(Records to use)
* * * * * * * * *
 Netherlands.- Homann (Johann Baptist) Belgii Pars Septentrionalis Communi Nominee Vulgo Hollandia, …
* * * * * * * * *
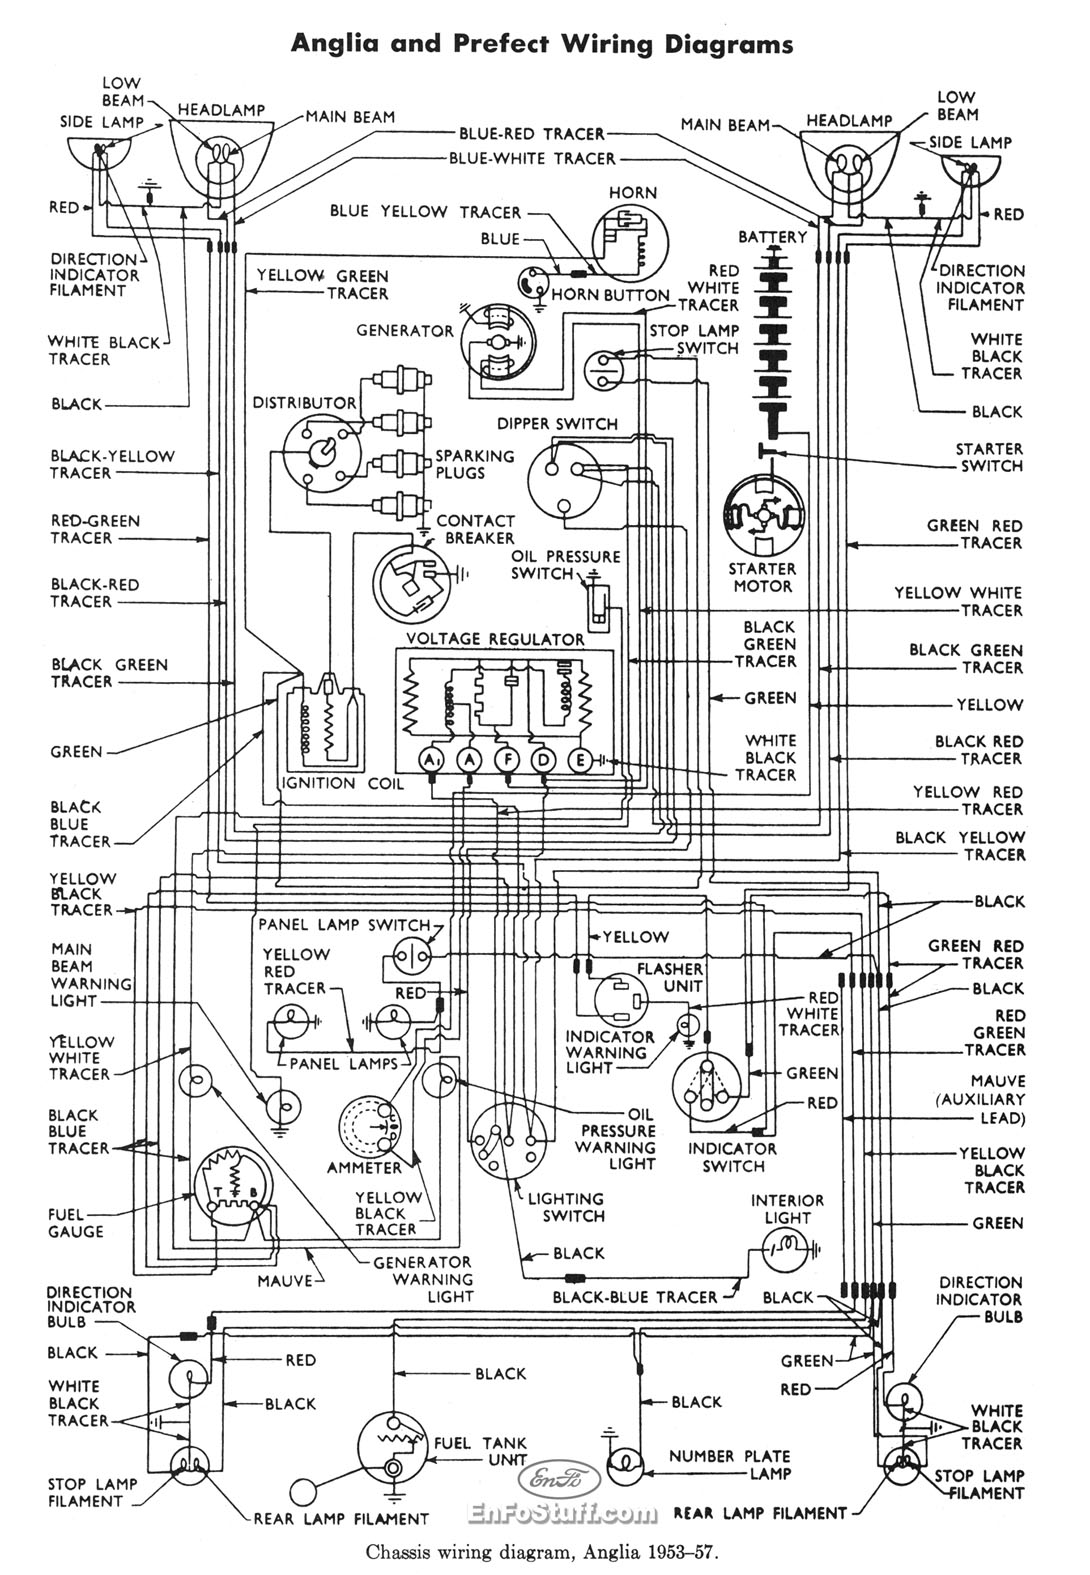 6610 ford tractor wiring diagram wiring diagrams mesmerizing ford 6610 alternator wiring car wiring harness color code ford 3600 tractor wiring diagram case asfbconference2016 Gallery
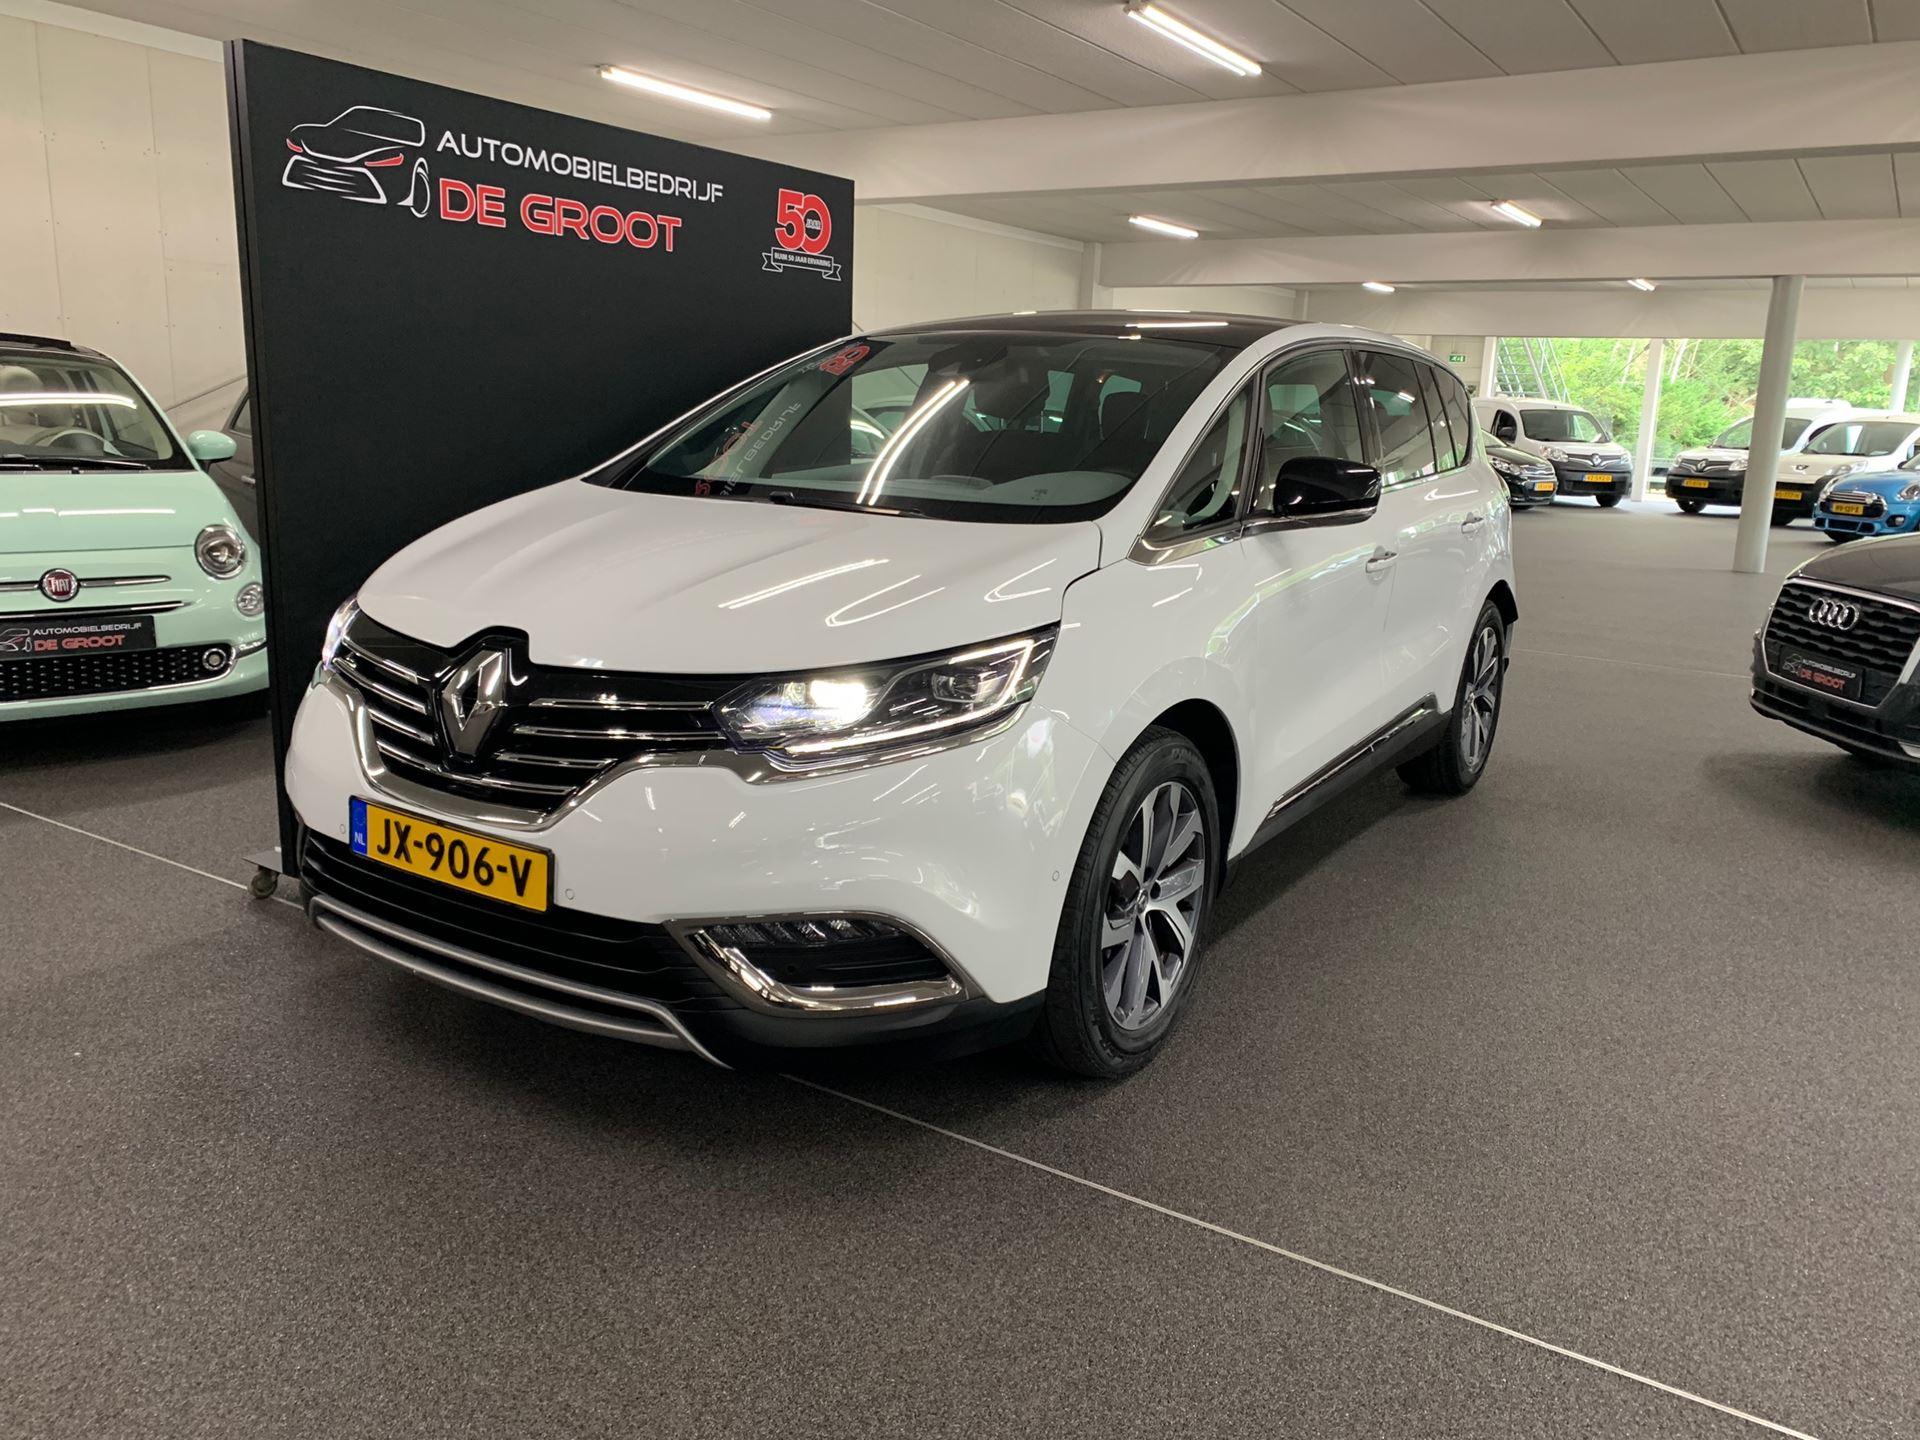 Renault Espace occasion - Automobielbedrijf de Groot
* * * * * * * * *
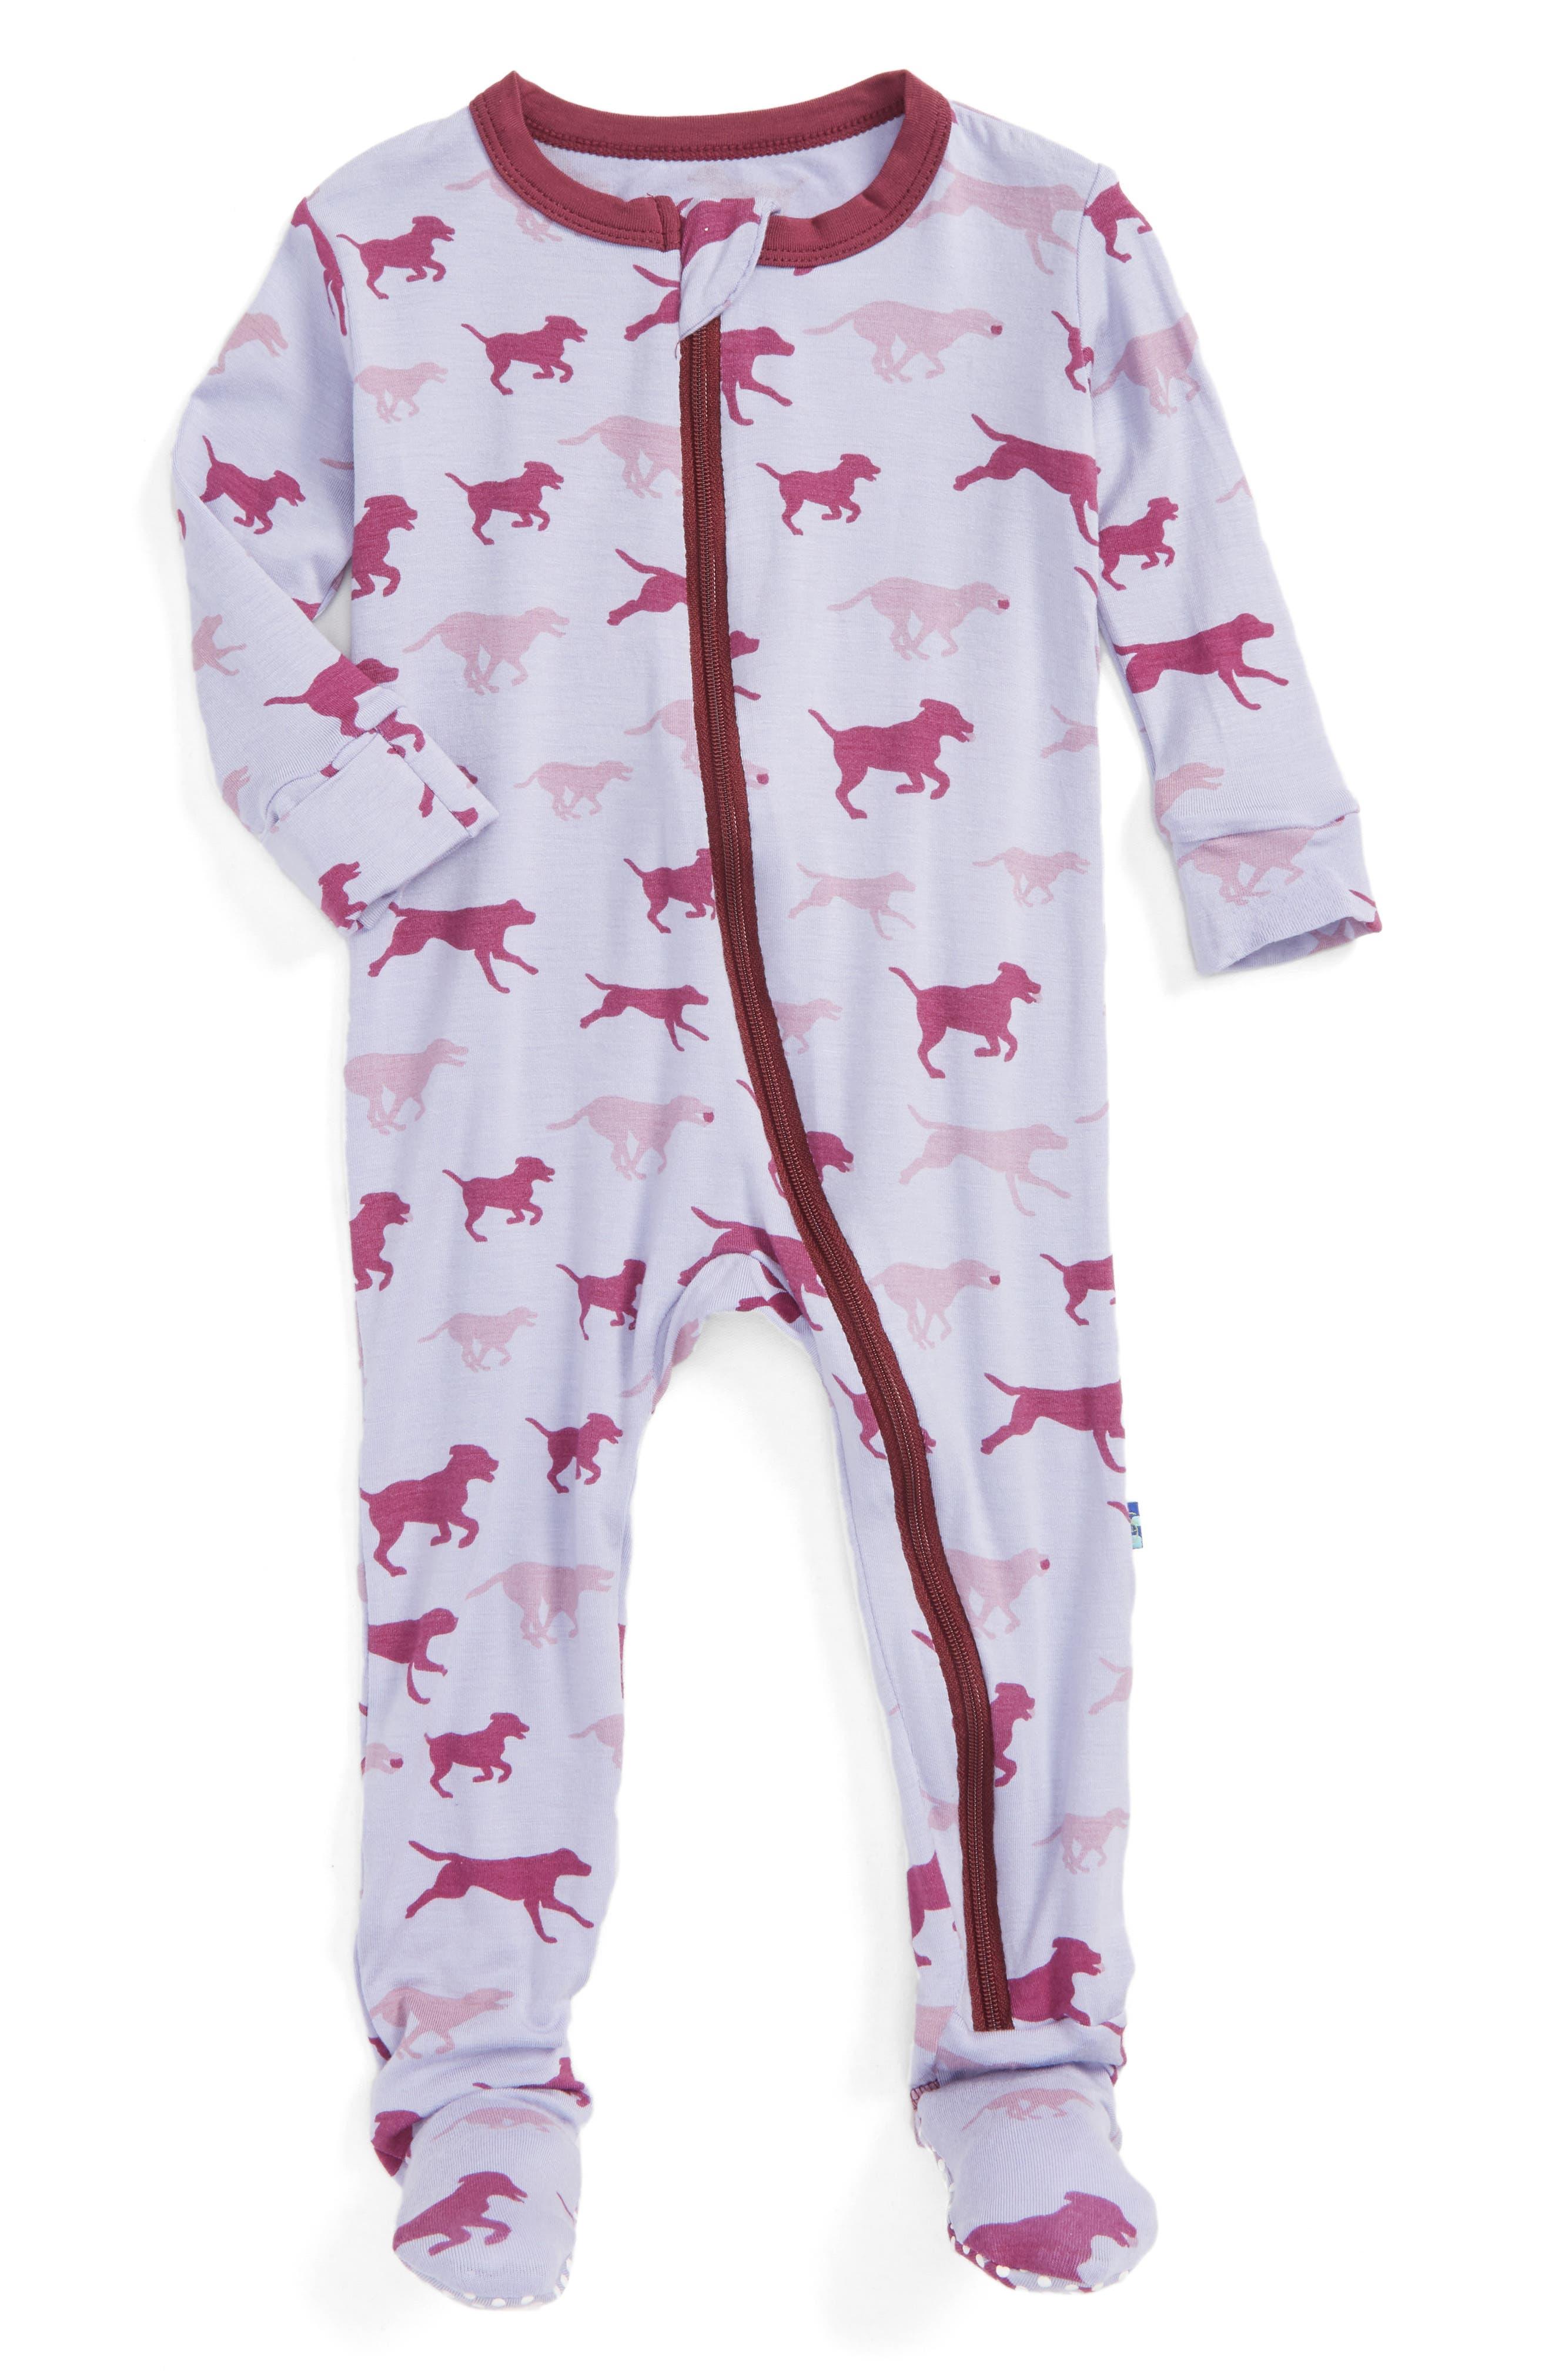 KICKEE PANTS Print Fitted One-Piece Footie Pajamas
* * * * * * * * *
(Task to complete) Would you give again, exactly, the lines in the data above that run from the line containing "6610 ford tractor" to the line containing "Renault Espace occasion"? Include both ends and no pictures.

(Answer section)
 6610 ford tractor wiring diagram wiring diagrams mesmerizing ford 6610 alternator wiring car wiring harness color code ford 3600 tractor wiring diagram case asfbconference2016 Gallery
 Renault Espace occasion - Automobielbedrijf de Groot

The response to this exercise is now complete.